Thank you for your great article and thoughts. It is refreshing to hear your perspective. In losing funerals we also lose our last chance to share the gospel for HOPE for those who don’t believe. I am alarmed at people who have NOTHING, saying “My loved one didn’t want a funeral.” I truly believe funerals are for the living and not the dead, but it closure for the grieving process even if people don’t realise it.
But…what about untimely, abrupt and violent deaths?
We’ve just endured the Texas hill country floods. Our daughter lost a best friend, age 28. A friend lost her granddaughter, age 9.
Their respective Christian burial services honored (or you could say “celebrated”) the abbreviated lives these two young people lived on earth. Yet, as importantly, the prayers and hymns allowed weeping while also soothing, reminding us of the larger place we inhabit in God’s all abiding love. That is far bigger than where we dwell right now.
The Christian burial liturgies pointed those mourning on the path forward.
While the Christian memorial services could not answer “why,” they could reply with “how.” How to bear the sudden, sweeping loss of a loved one. HOW to endure such acute pain can only happen through the grace of God, and by walking with Christ who shares our heartache. It is a slow walk. But God is there.

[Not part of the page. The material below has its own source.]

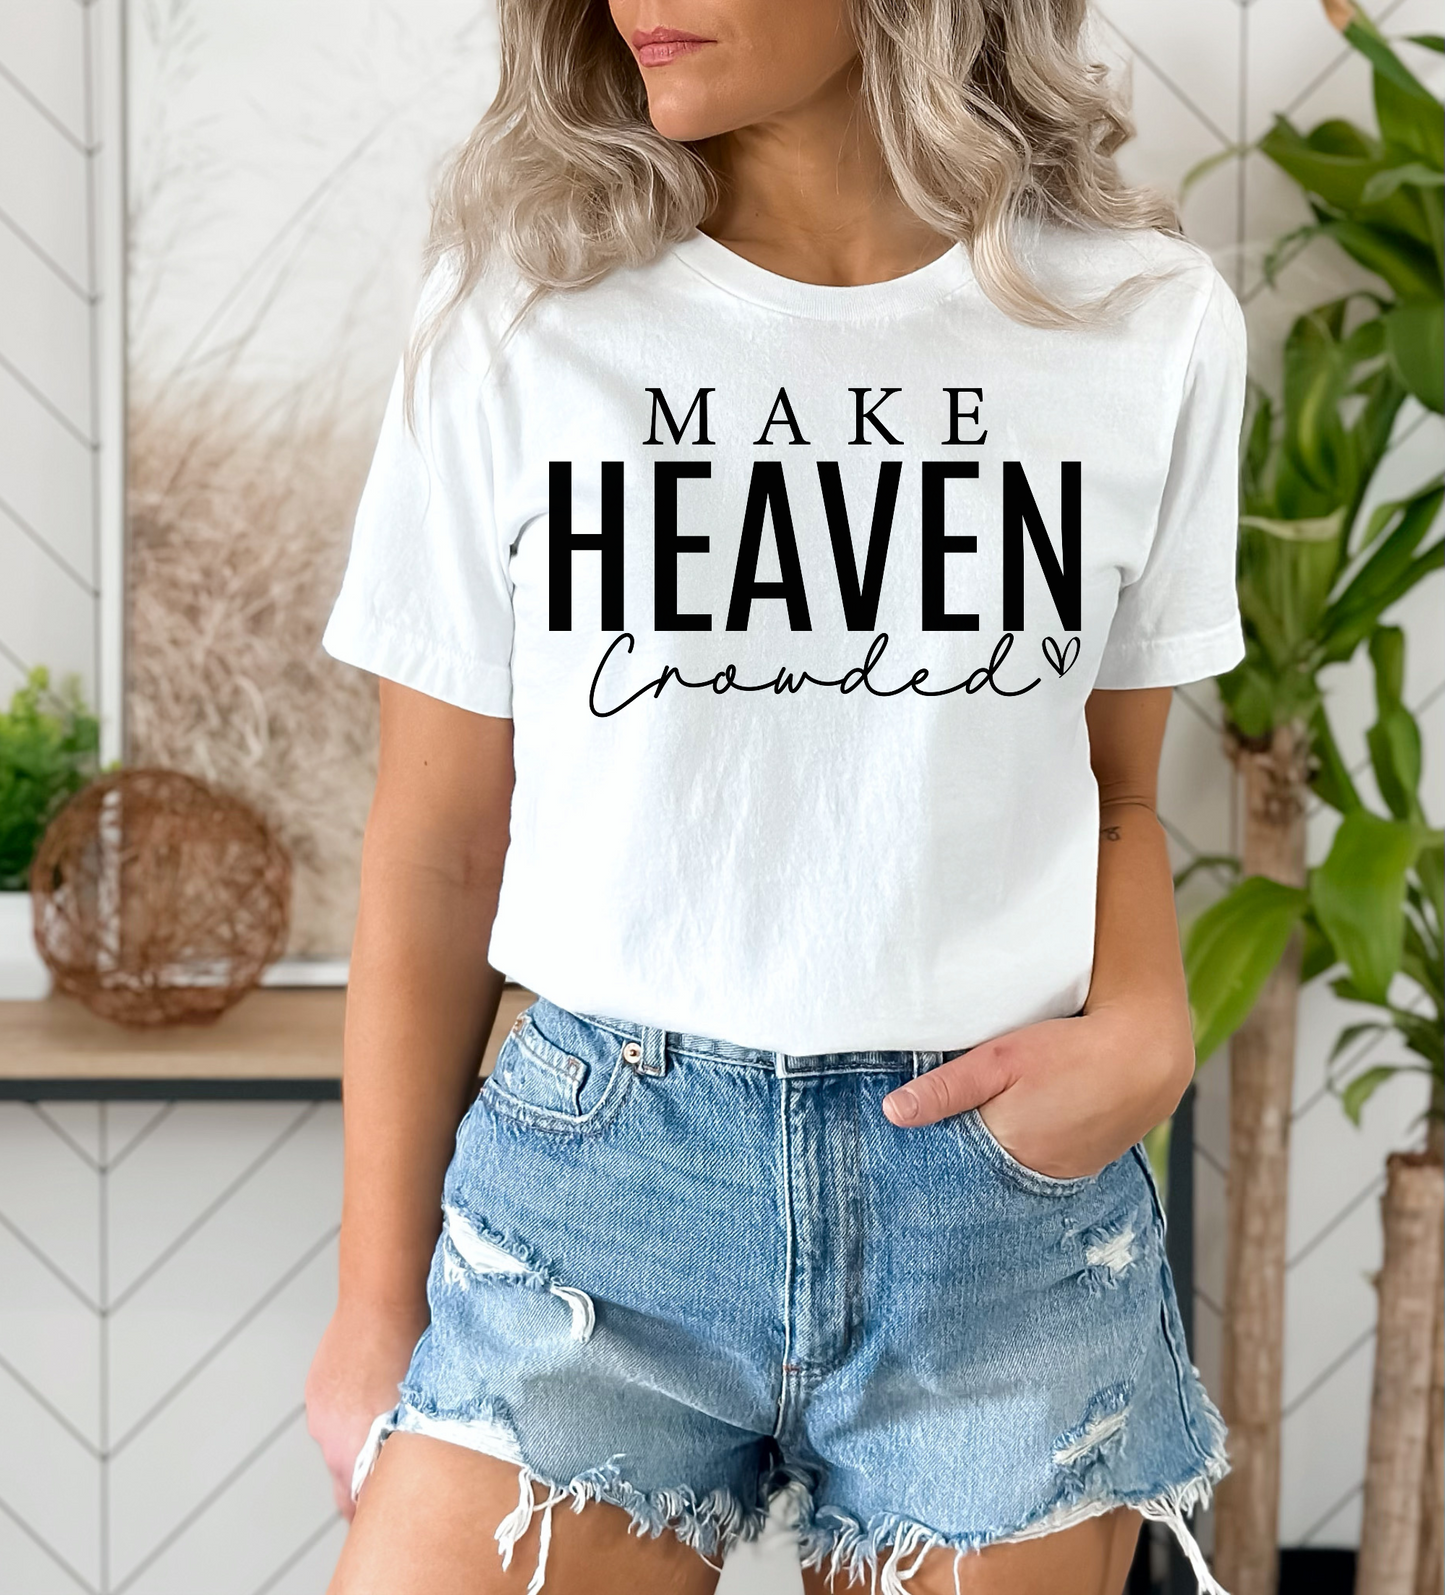 Make Heaven Crowded Screen Print Transfer

When I hear the words, “Celebration of Life,” I prefer to think of celebration of Life Eternal. When I hear “closure,” I balk. There is never “closure” with grief. There is no “end point” as if it is one day just done.
With deep grief, there is only acceptance. This happens over time and only comes with the help of the Holy Spirit. How people live without that, I cannot know. But the Christian burial office offers a beginning.